Rien ne permet de présumer que le mandataire liquidateur va résister à la présente décision ordonnant la remise de documents ; il n’y a donc pas lieu d’ordonner une astreinte.
Il y a lieu d’ordonner la remise à Mme [P] le certificat de travail et les bulletins de paie établis conformément à ce qui a été jugé par le jugement et le présent arrêt dans les deux mois de la notification de la présente décision.
— Sur les dépens et les frais
Partie perdante à titre principal, la société [1] prise en la personne de Me [F] [W] ès qualités de mandataire liquidateur sera condamnée au paiement des dépens.
Le jugement sera confirmé en ce qu’il a mis les dépens à sa charge.
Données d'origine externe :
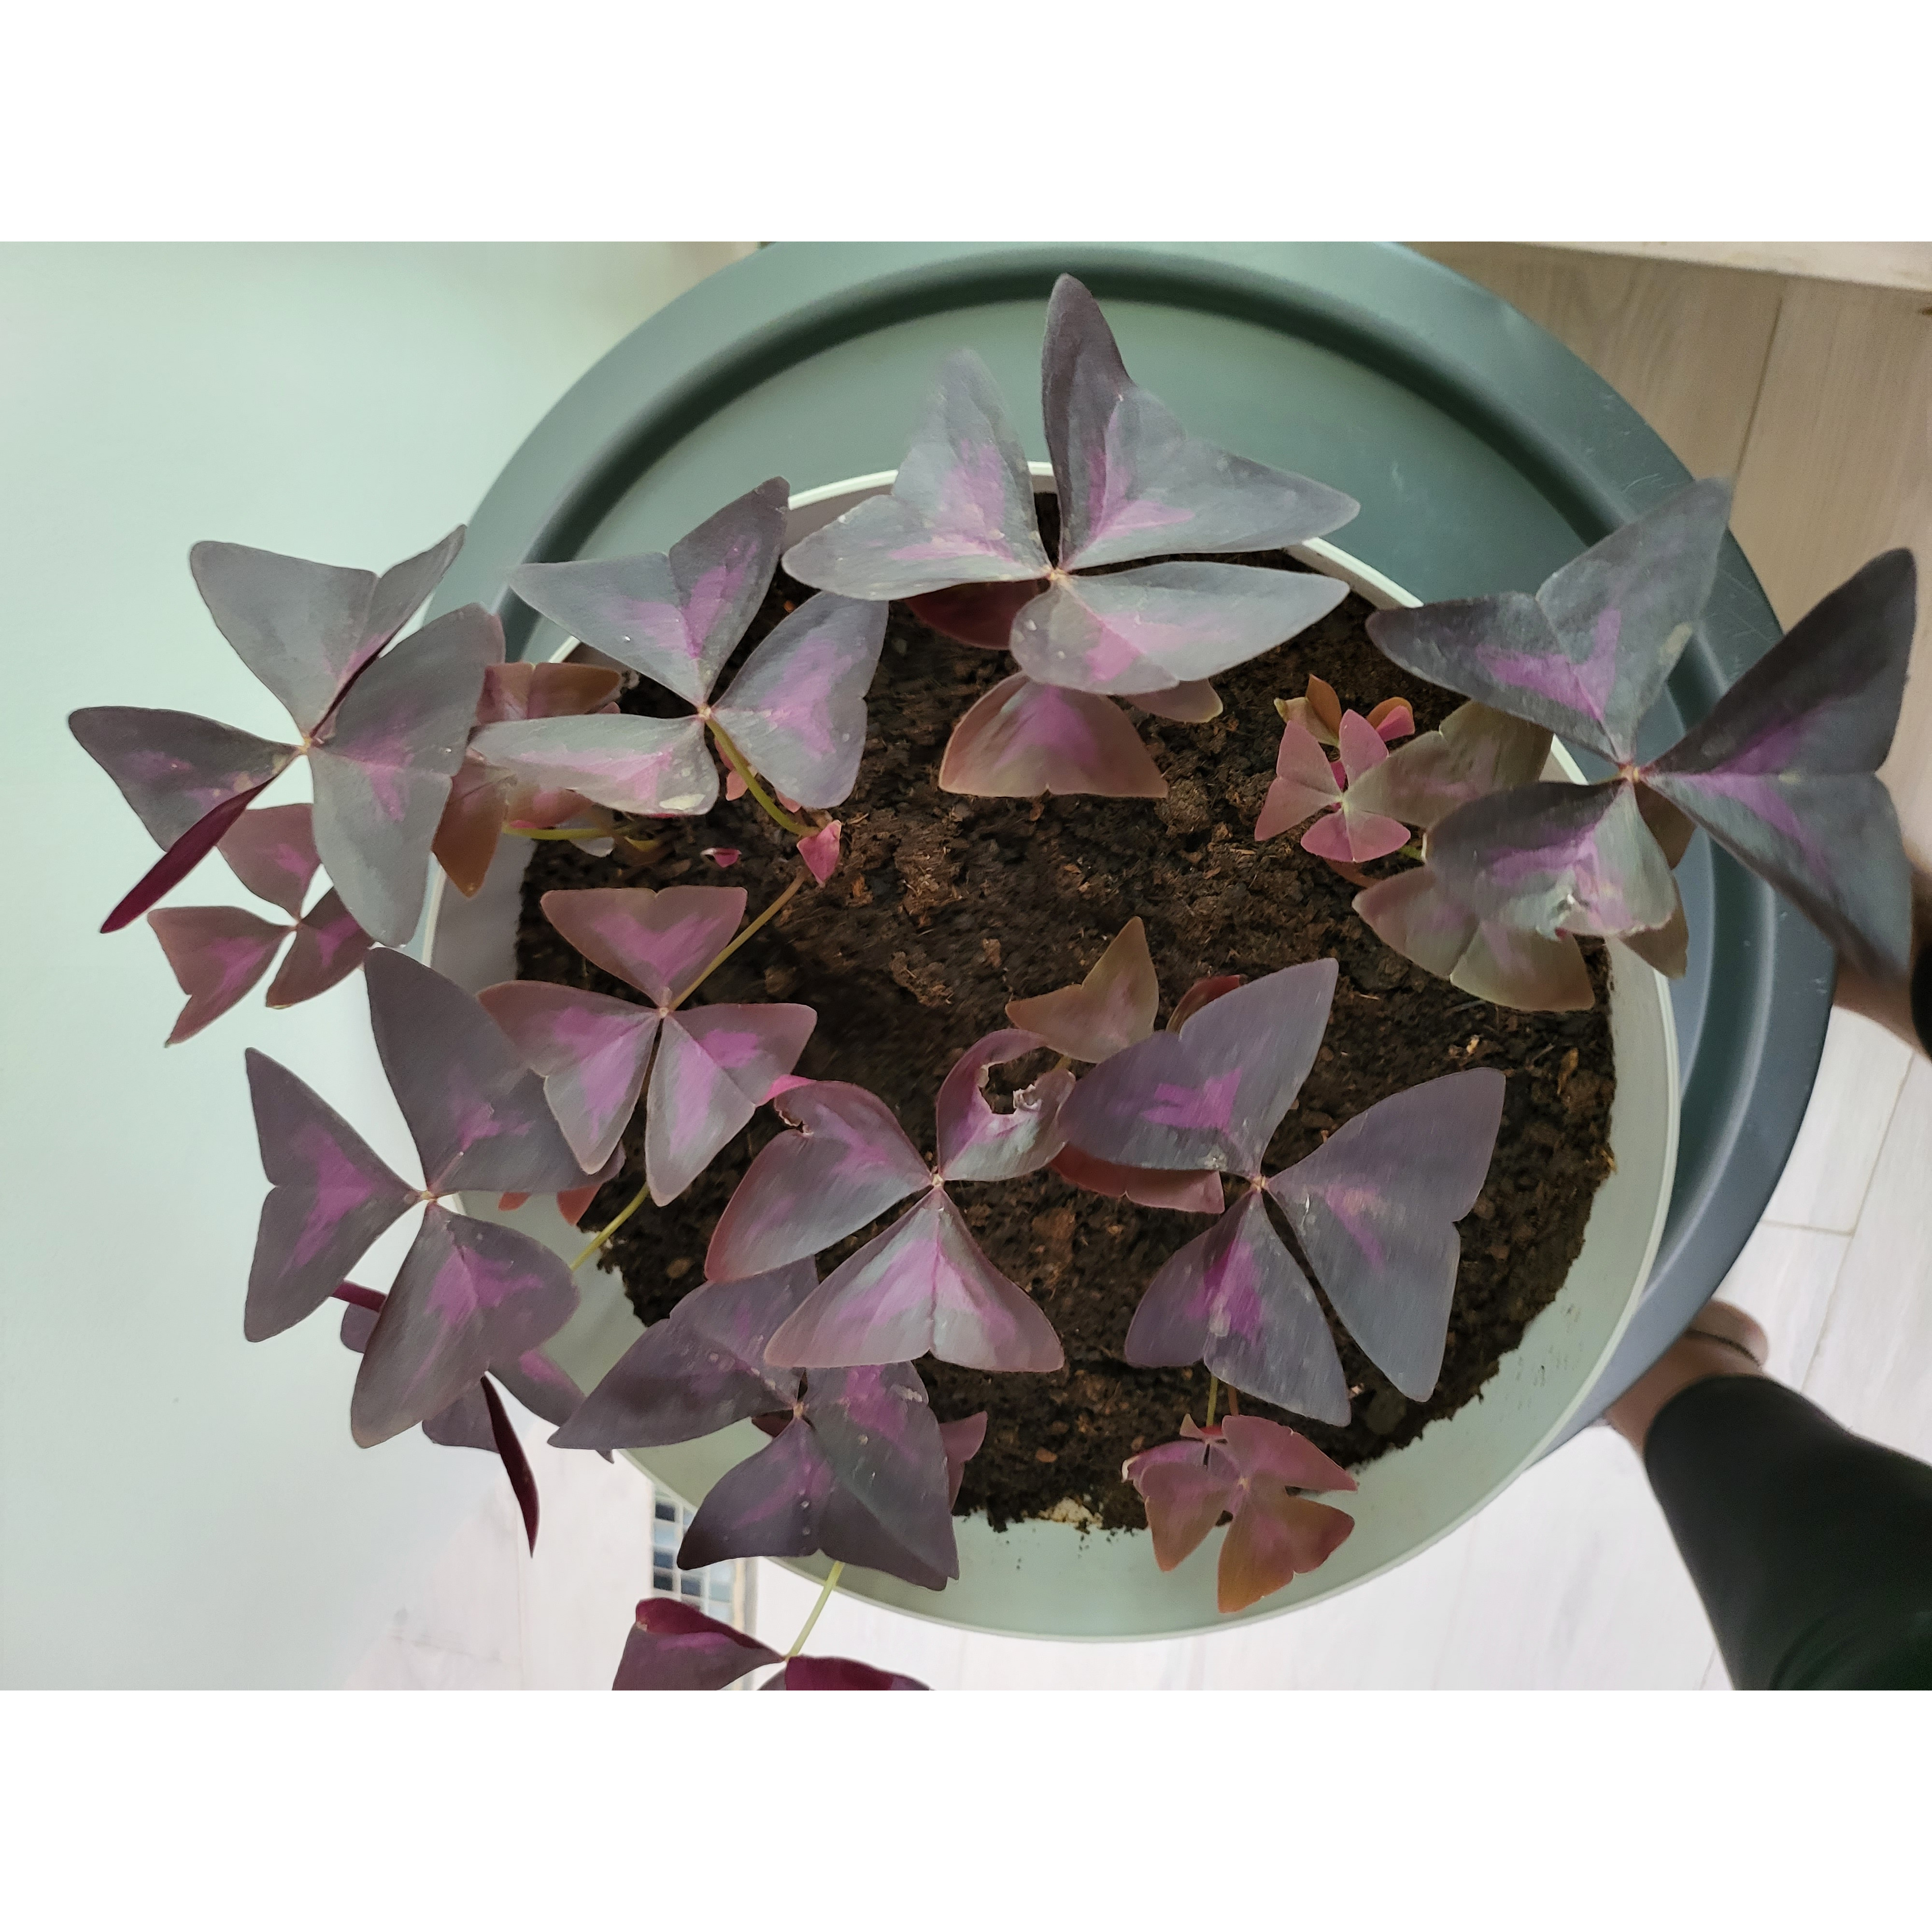 Cultiver les bulbes d'Oxalis Triangularis
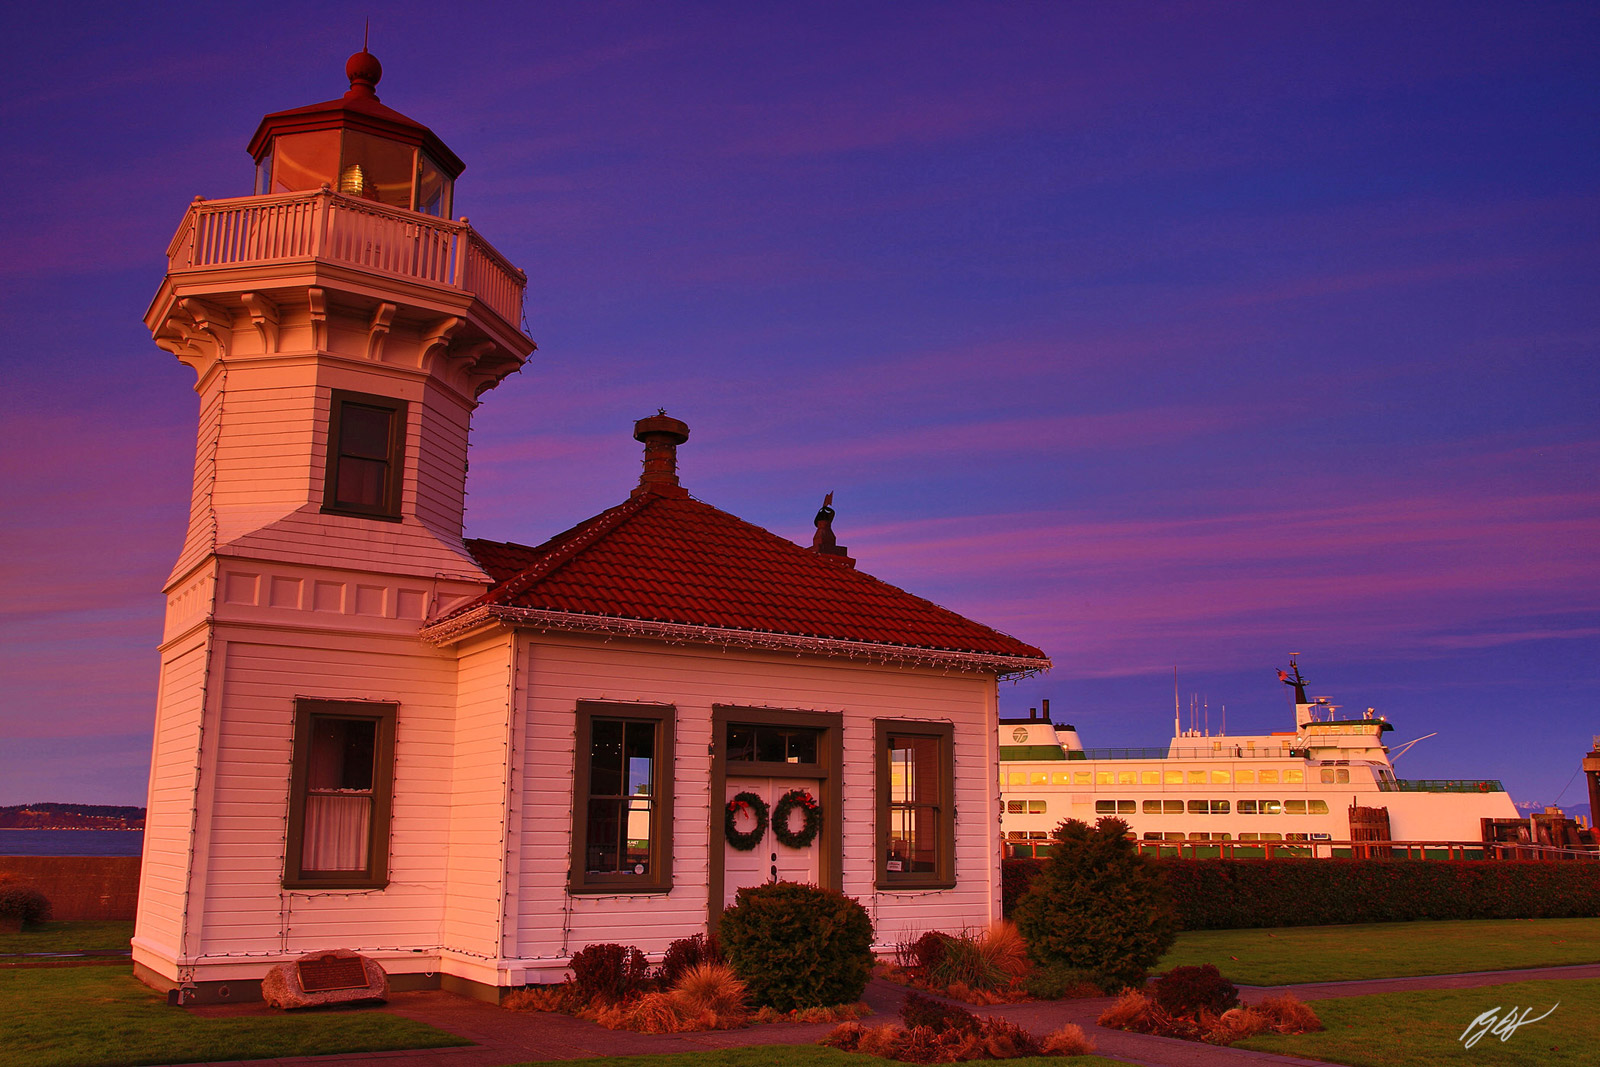 Sunset Mukilteo Lighthouse and Ferry in Mukilteo Lighthouse Park in Washington

L’équité ne commande pas de faire droit à la demande en paiement formée par Mme [P] en application des dispositions de l’article 700 du code de procédure civile.
PAR CES MOTIFS
La cour,
Confirme le jugement (TG n°29/00248) prononcé le 14 septembre 2021 par le conseil de prud’hommes d’Evry-Courcouronnes sauf en ce qu’il a fixé l’indemnité en réparation d’un licenciement nul à la somme de 12 000 euros avec intérêt au taux légal à compter du prononcé du jugement ;
L’infirme de ces chefs ;
Statuant à nouveau et y ajoutant,
Fixe au passif de la liquidation judiciaire de la société [1] la créance de Mme [H] [P] pour l’indemnité de licenciement nul à la somme de 25 000 euros au titre de l’indemnité pour licenciement nul;
Rappelle que la procédure collective interrompt le cours des intérêts;
Déboute Mme [H] [P] de sa demande en paiement de dommages et intérêts pour exécution déloyale du contrat de travail ;
Déclare l’arrêt opposable à l’AGS sous les limites et plafonds de sa garantie ;
Condamne la société [1] prise en la personne de Me [F] [W] ès qualités de mandataire liquidateur aux entiers dépens.